The results from Leibig et al. aim to shift the dialogue away from stand-alone AI practices and towards using a collaborative approach to bring AI safely and effectively into clinical practice.
Professor Lale Umutlu said: “This study demonstrates and underlines that AI is not meant to replace human radiologists but can assist us to improve our diagnoses and in the long run – improve patient care.“
Professor Katja Pinker-Domenig said: “Just as in clinical practice, two (or more) readers are always better when it comes to reading mammograms. It’s both common and encouraged that radiologists seek counsel from their colleagues and the decision referral approach is simply an extension of this. We are encouraged to see that this study helps to show this method can improve results.”

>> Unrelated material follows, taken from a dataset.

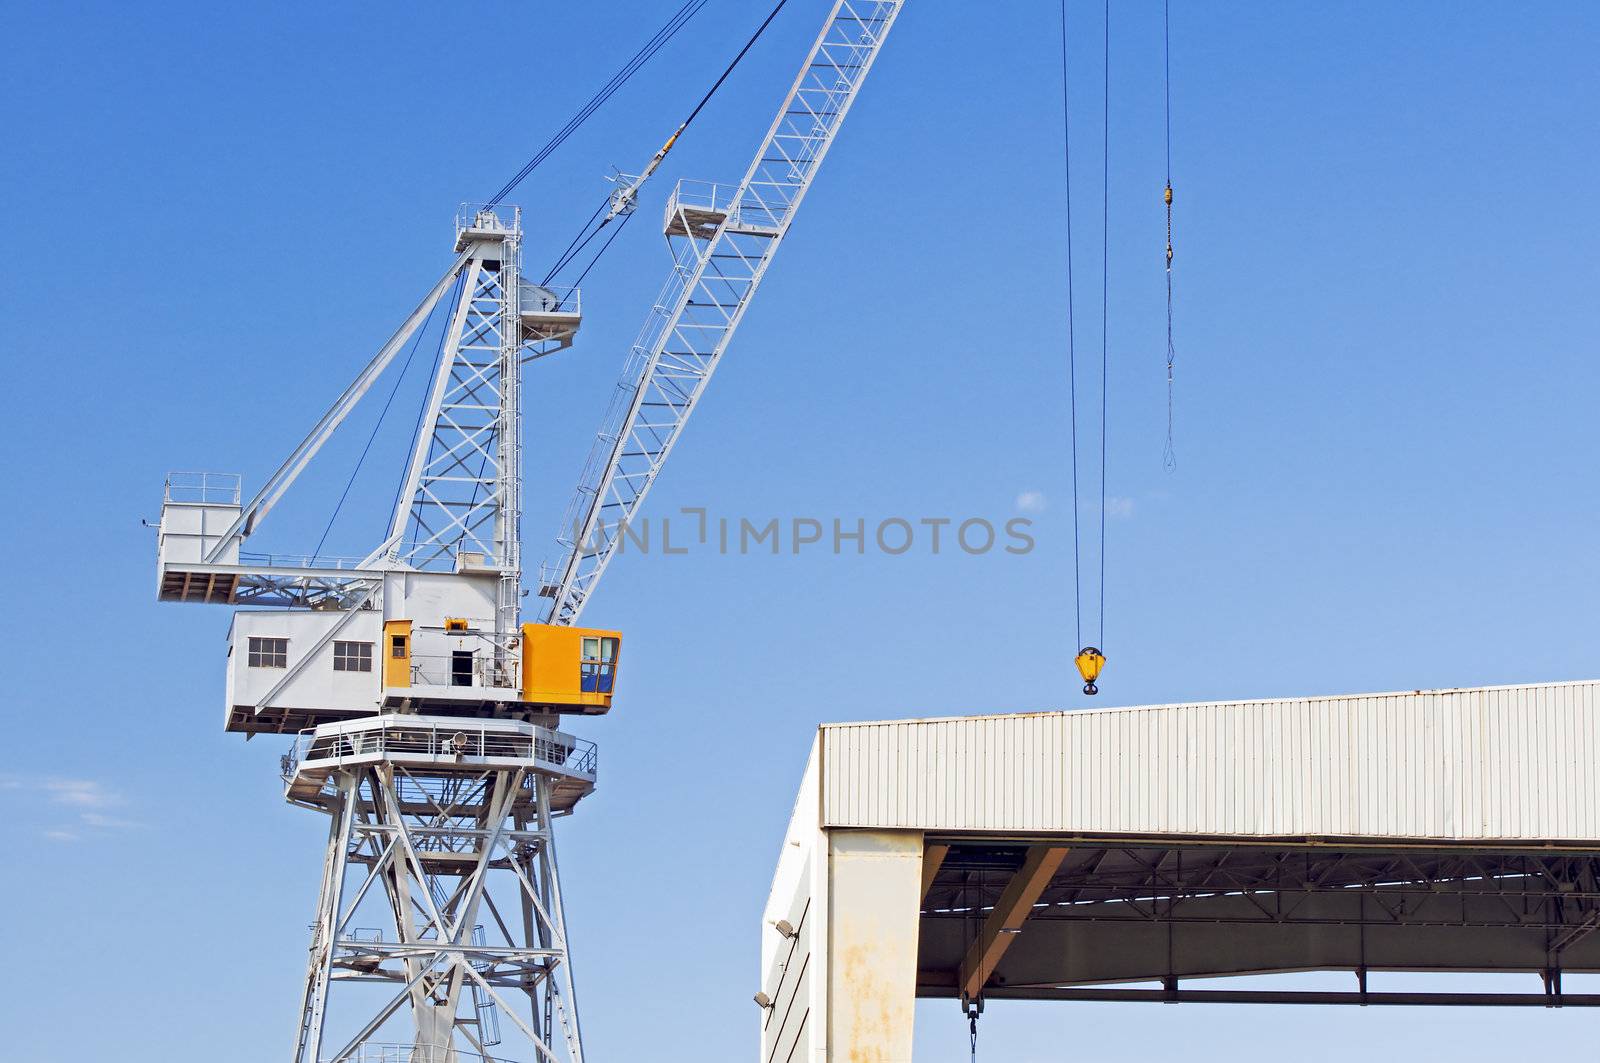 Detail of a crane under a blue sky in a shipyard
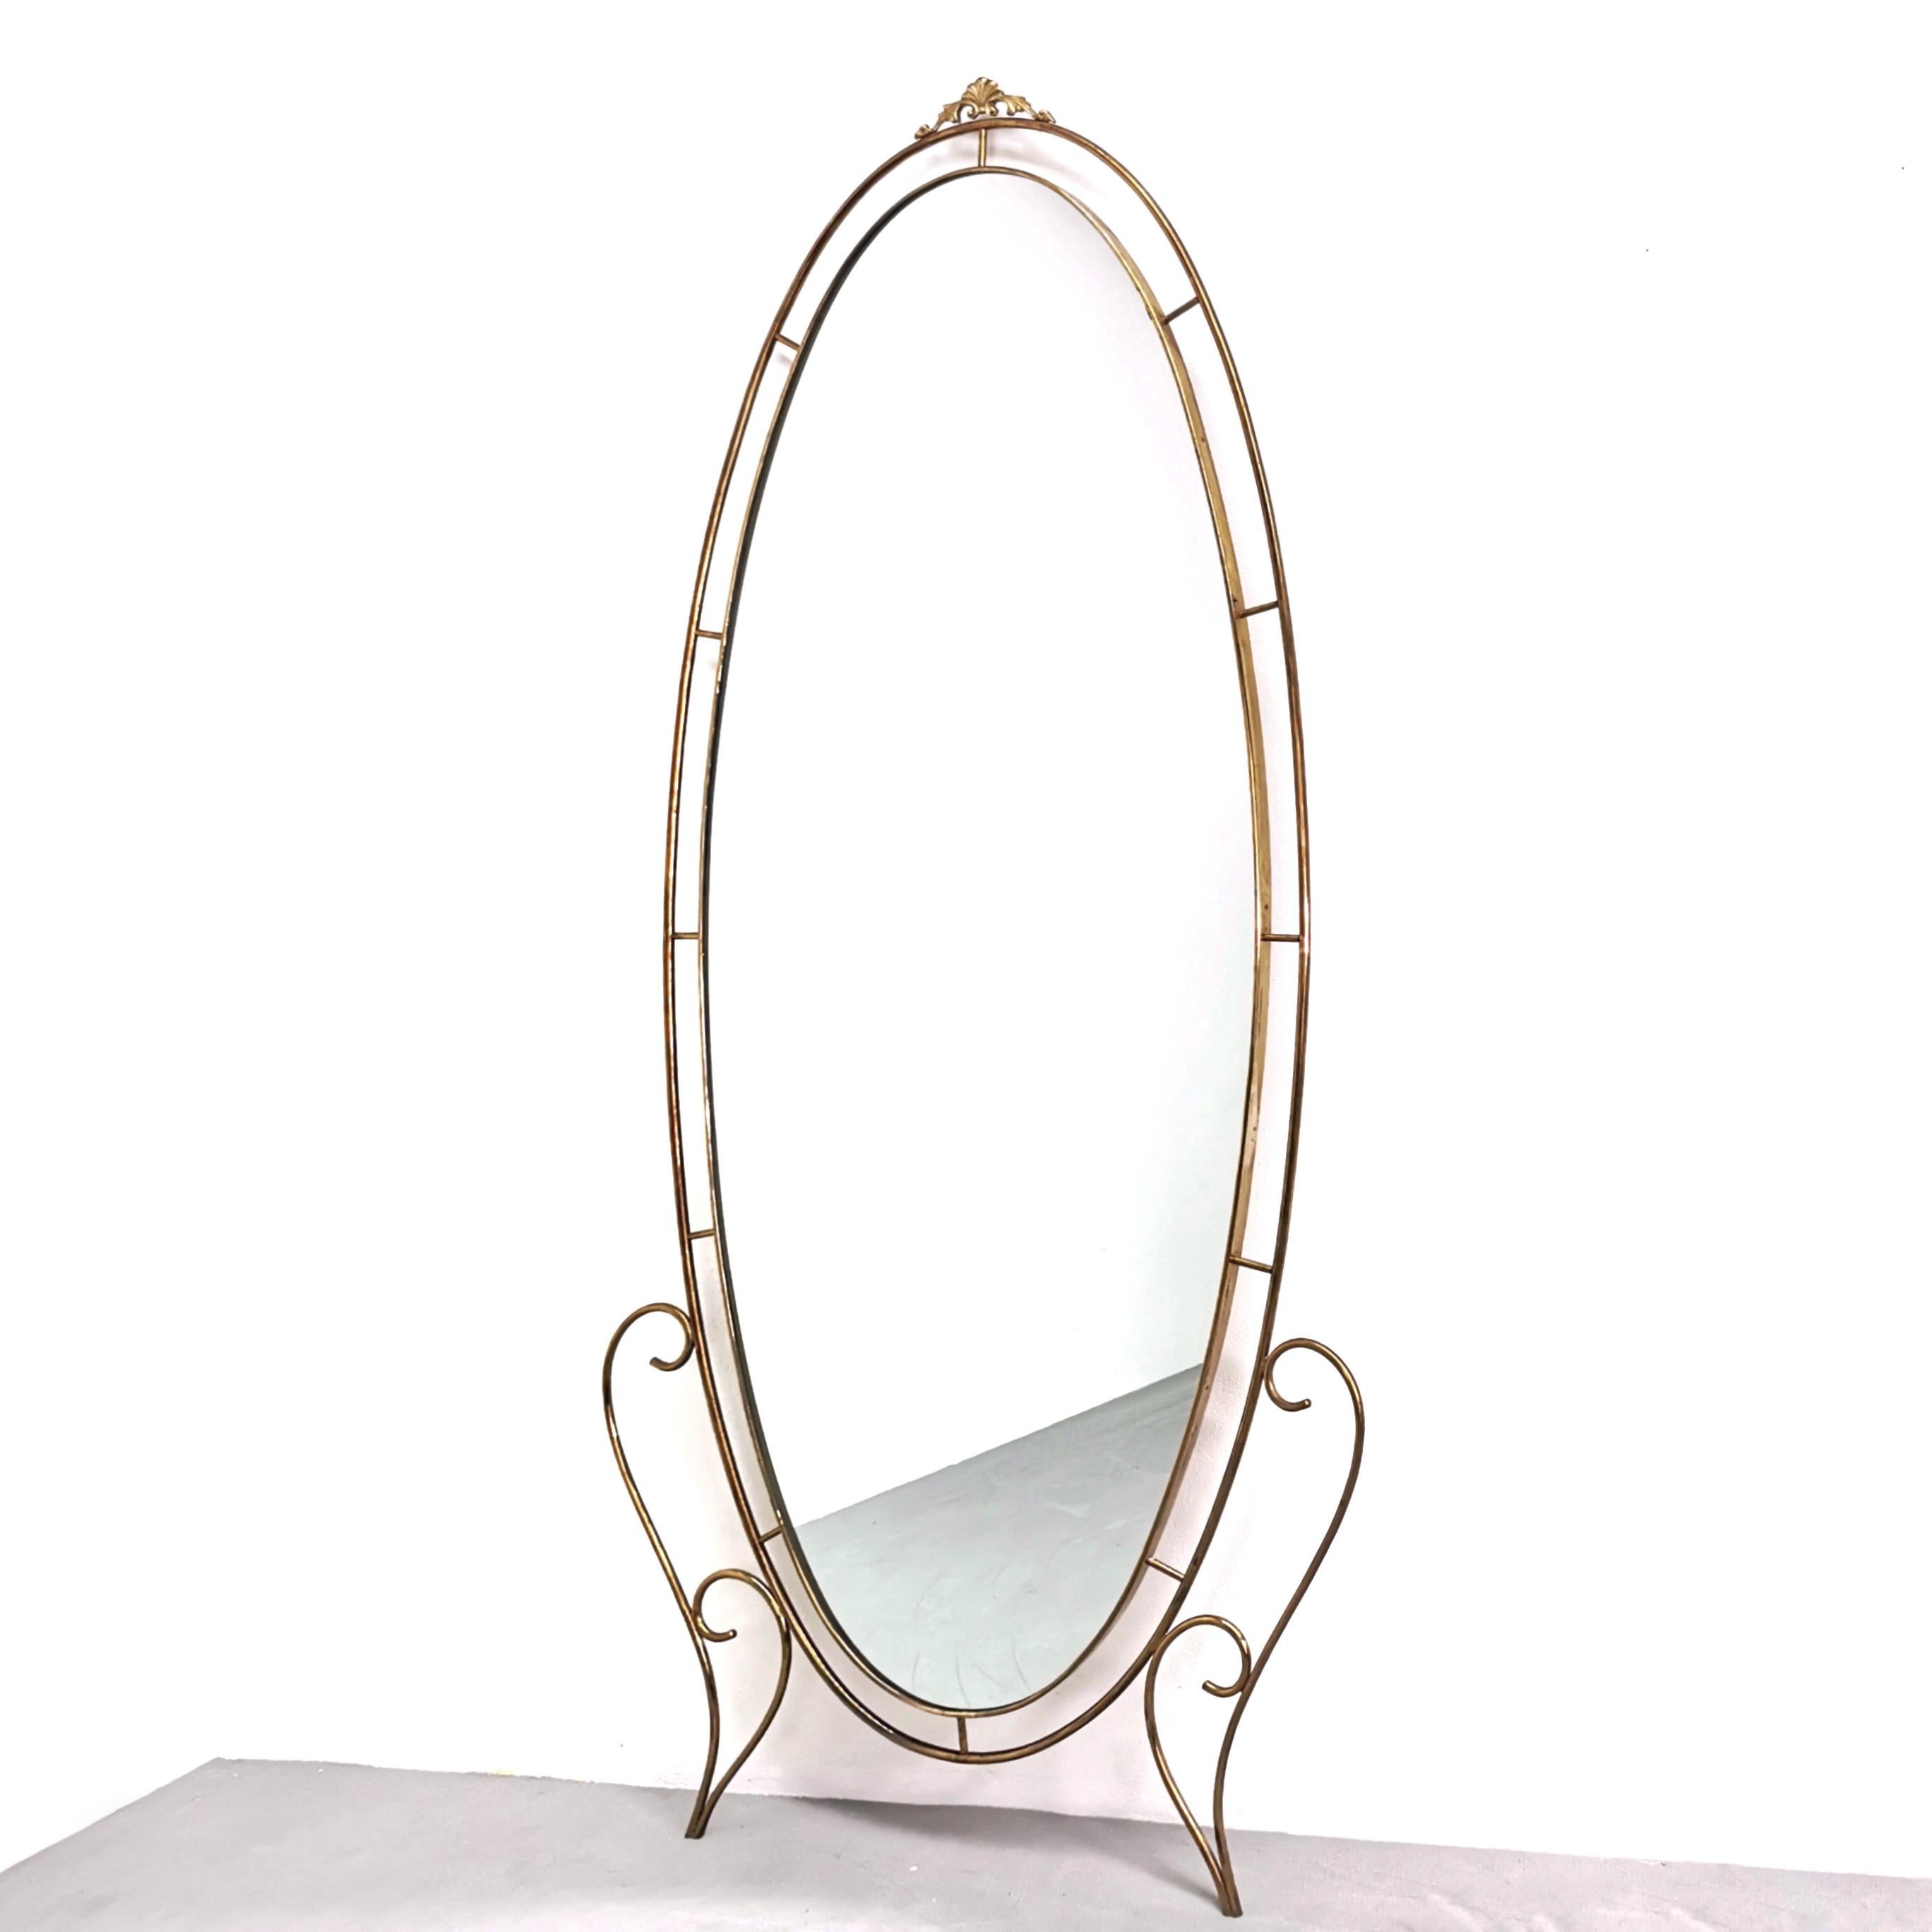 Grand miroir ovale vintage des années 1950 et 1960. Structure entièrement en laiton. Un objet de grande valeur décorative, capable de meubler à la fois un hall d'entrée important et de mettre en valeur l'espace de vie.

Dr Christian Leibig said: “AI’s promise in clinical settings and beyond has always centred around improving efficiency and accounting for human error yet, as we’ve seen with various approaches taken to date, there is insufficient evidence that AI is able to achieve this on its own in realistic settings. The decision referral approach leverages both the strengths of the AI, and the strengths of the radiologist to make both better, even if either party is better on average. We’ve seen this in our work at Vara but it’s great to now have this approach validated by some of the world’s leading radiologists.”